-- Provided data follows --

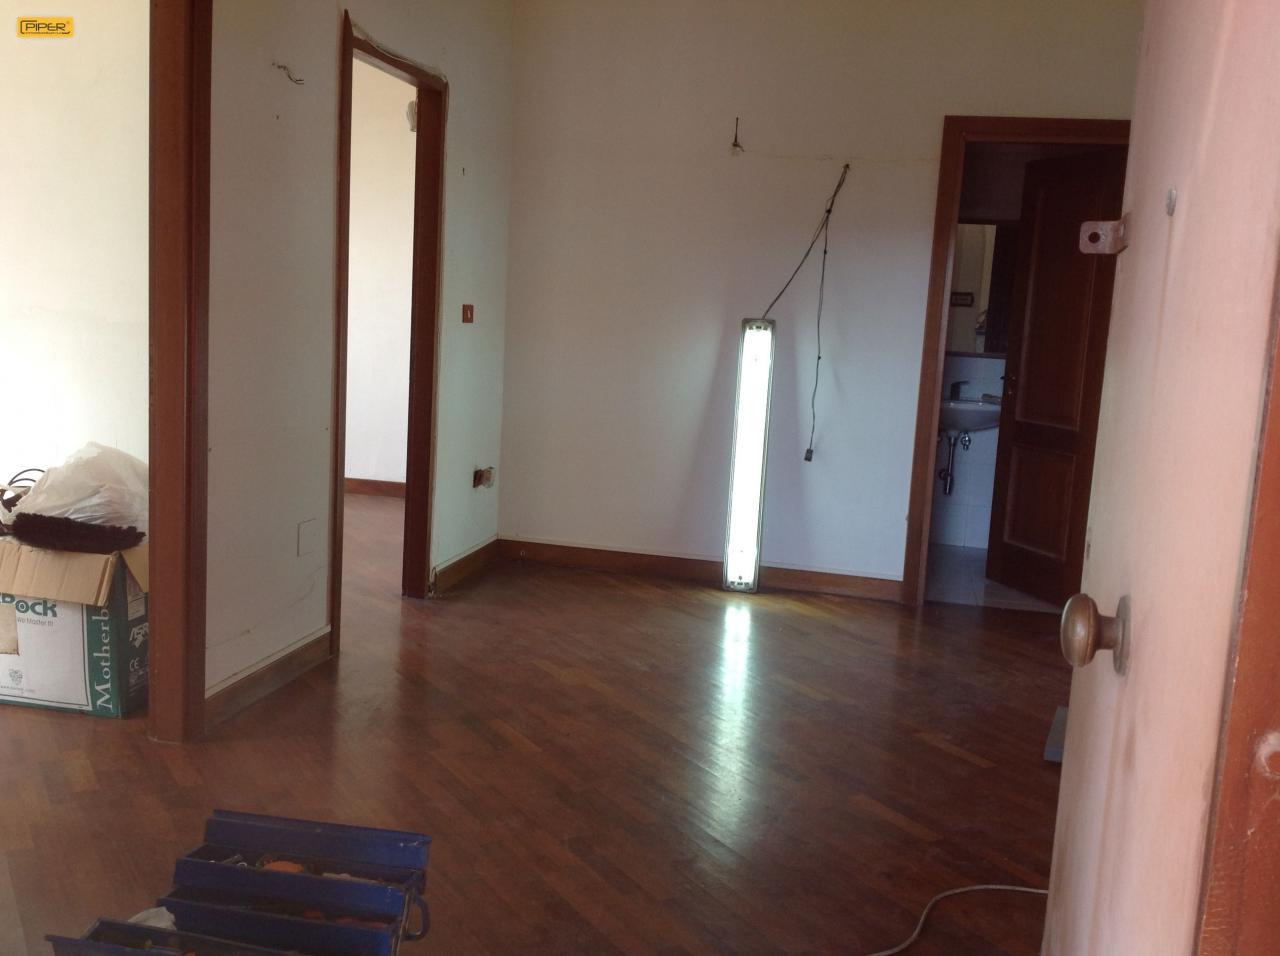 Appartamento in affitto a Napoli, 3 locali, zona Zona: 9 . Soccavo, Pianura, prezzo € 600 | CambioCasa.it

-- Provided data concluded --
-- Provided data follows --

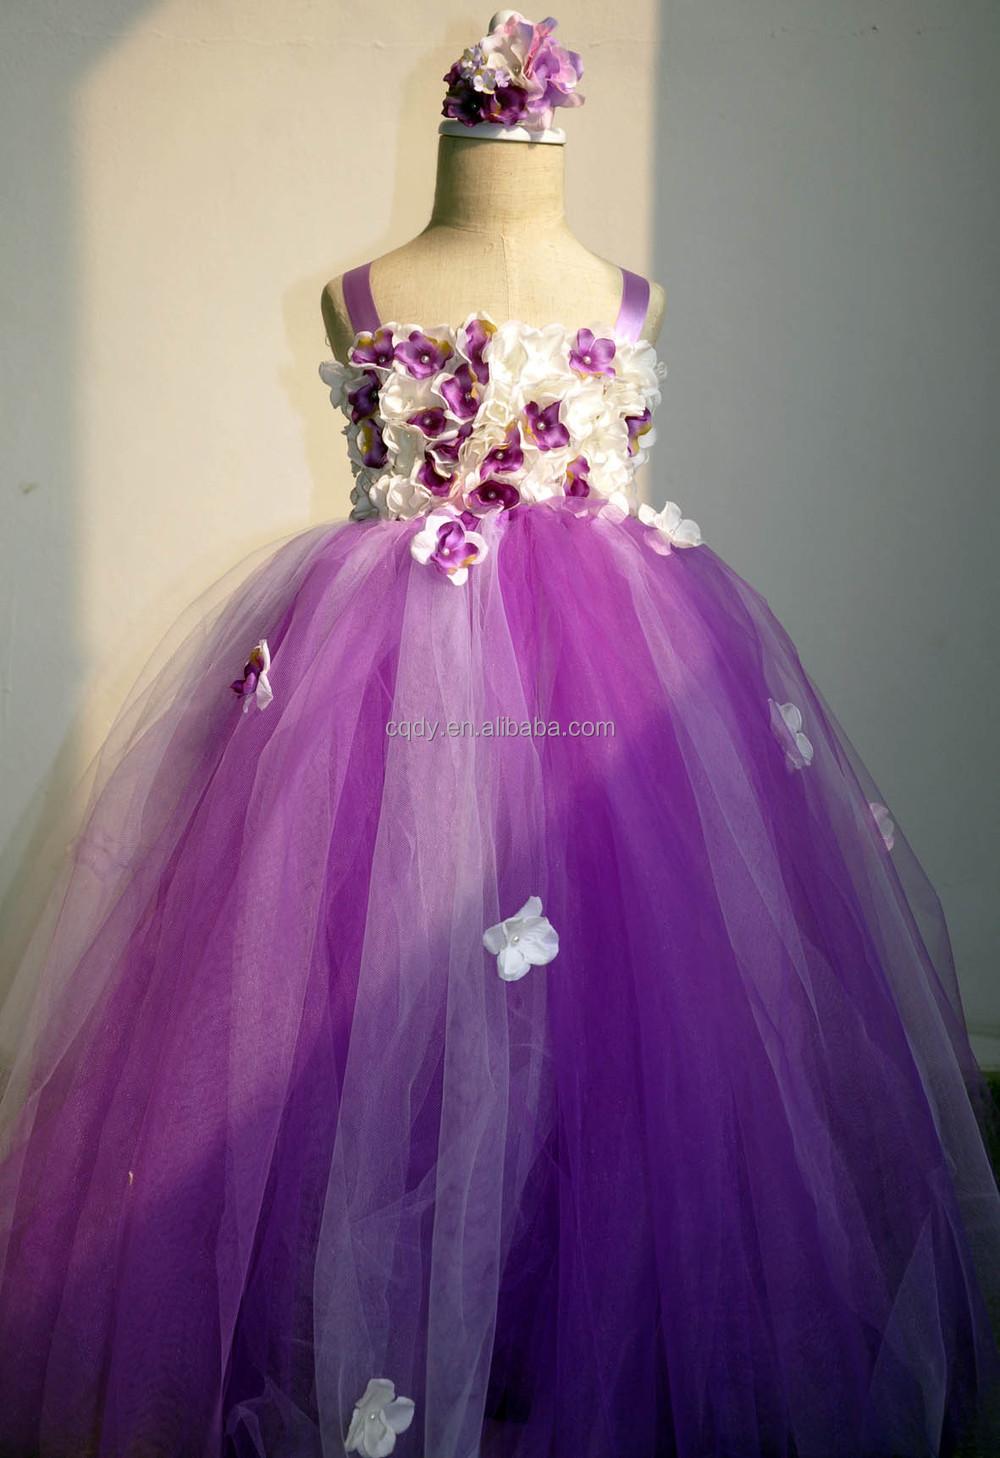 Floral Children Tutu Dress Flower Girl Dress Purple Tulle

-- Provided data concluded --
-- Provided data follows --

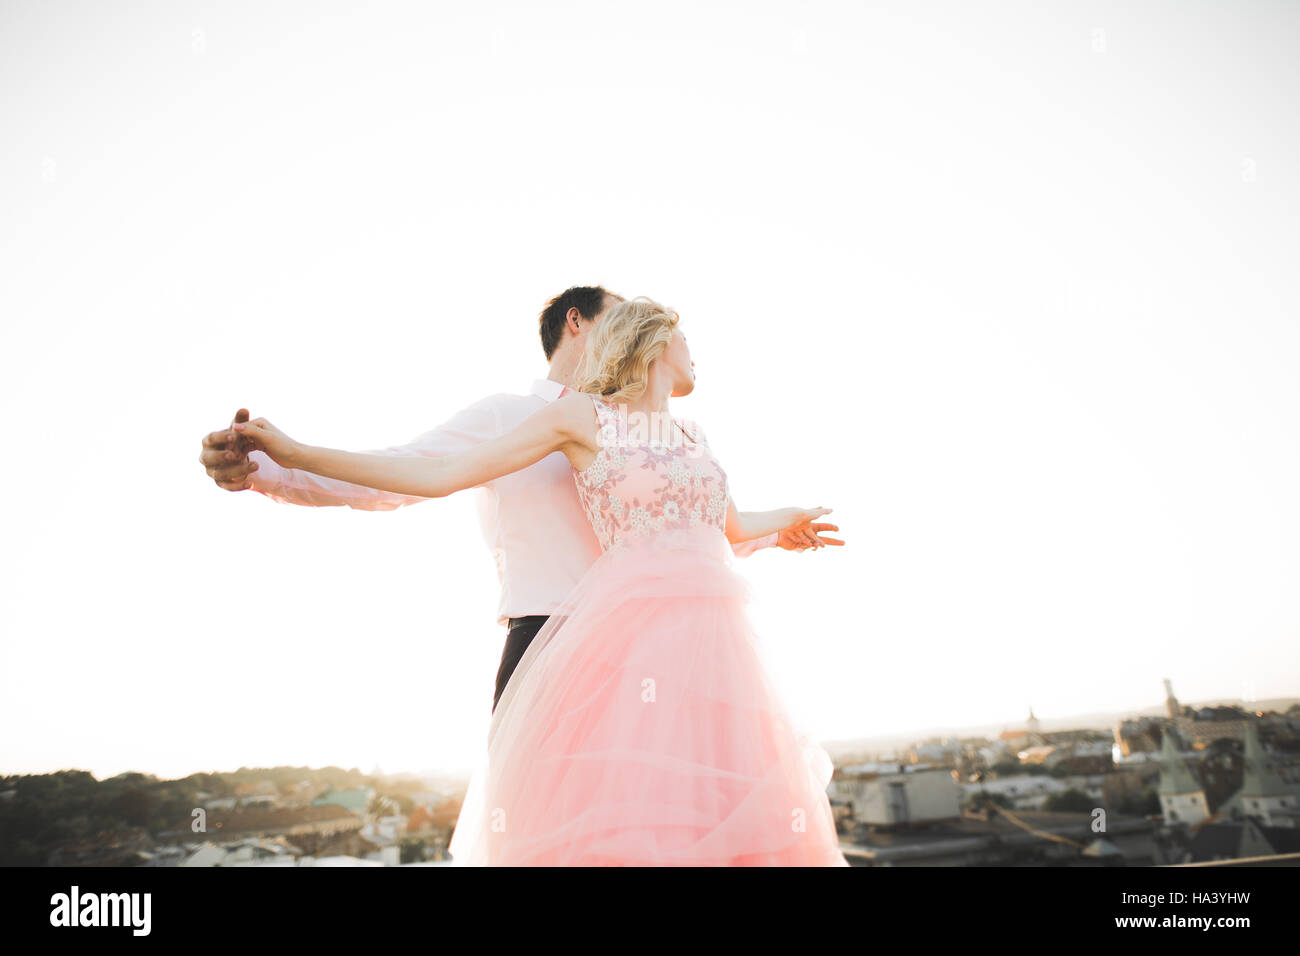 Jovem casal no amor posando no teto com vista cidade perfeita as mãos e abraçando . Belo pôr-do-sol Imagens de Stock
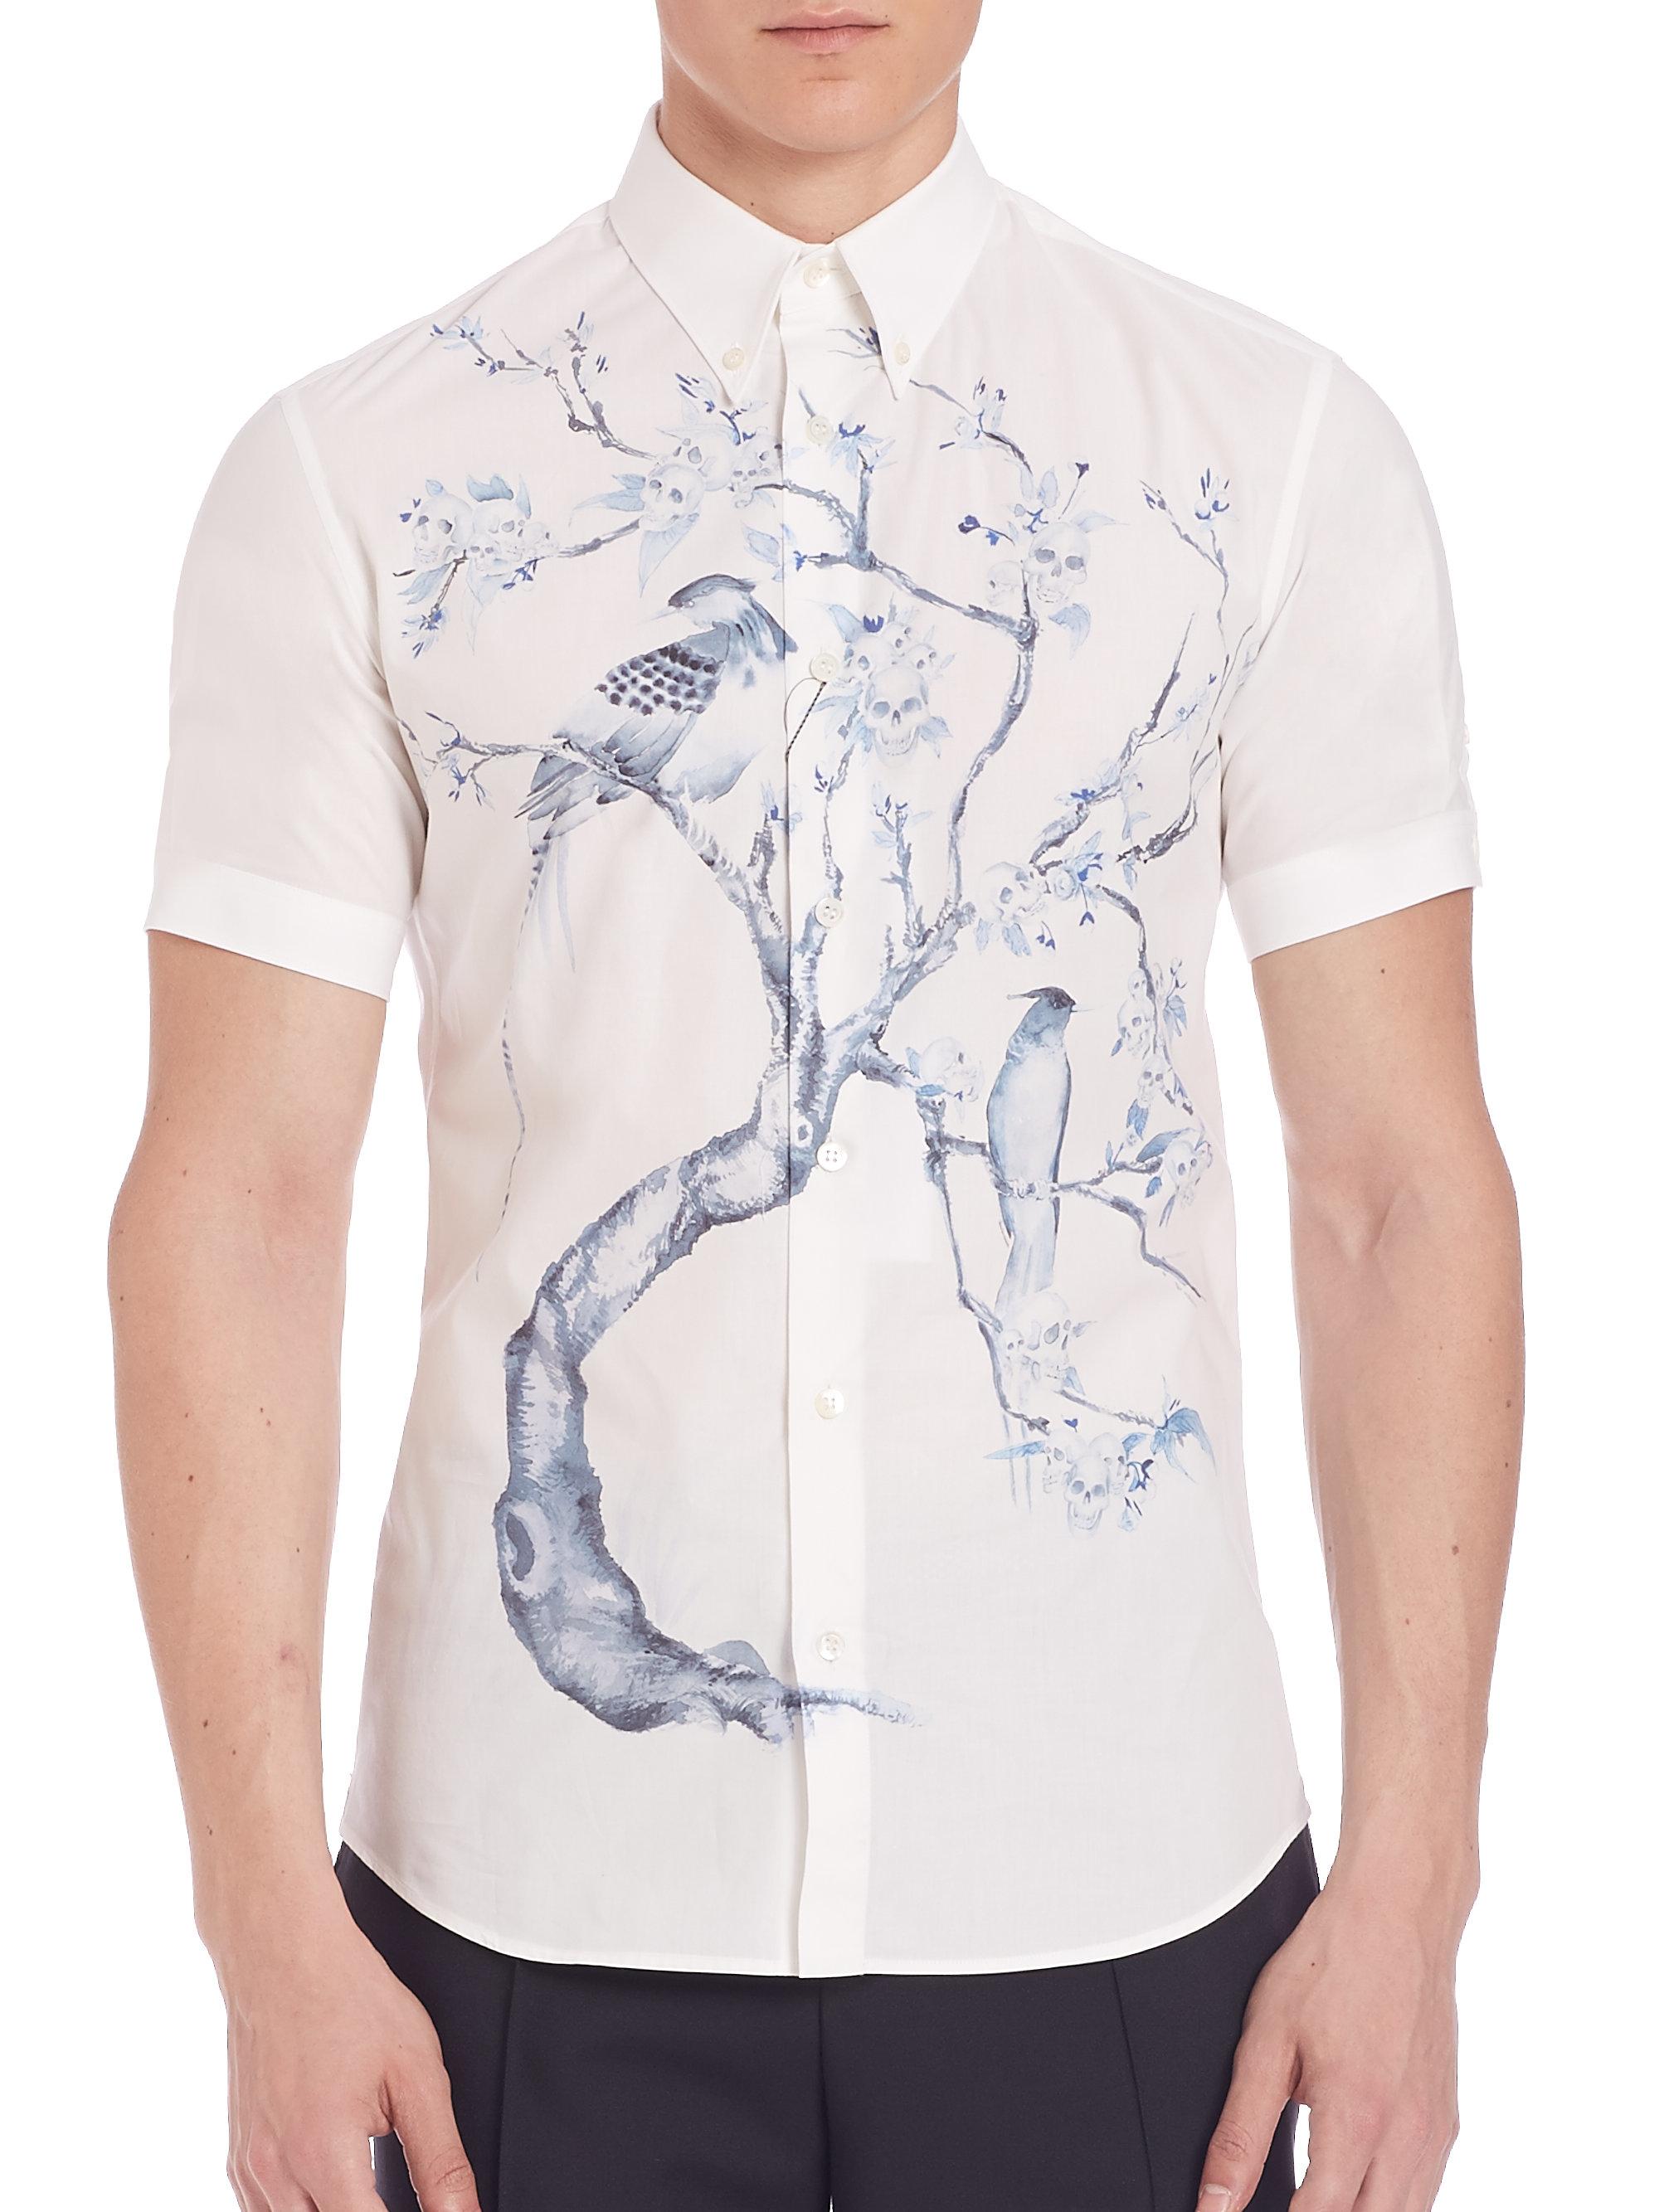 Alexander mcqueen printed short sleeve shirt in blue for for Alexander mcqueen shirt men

-- Provided data concluded --

> Work order:
Without the pictures, set down the lines above from the line with "Jovem casal no" up to and including the line with "Alexander mcqueen printed" exactly as they stand.

> Solution for this task:
 Jovem casal no amor posando no teto com vista cidade perfeita as mãos e abraçando . Belo pôr-do-sol Imagens de Stock
 Alexander mcqueen printed short sleeve shirt in blue for for Alexander mcqueen shirt men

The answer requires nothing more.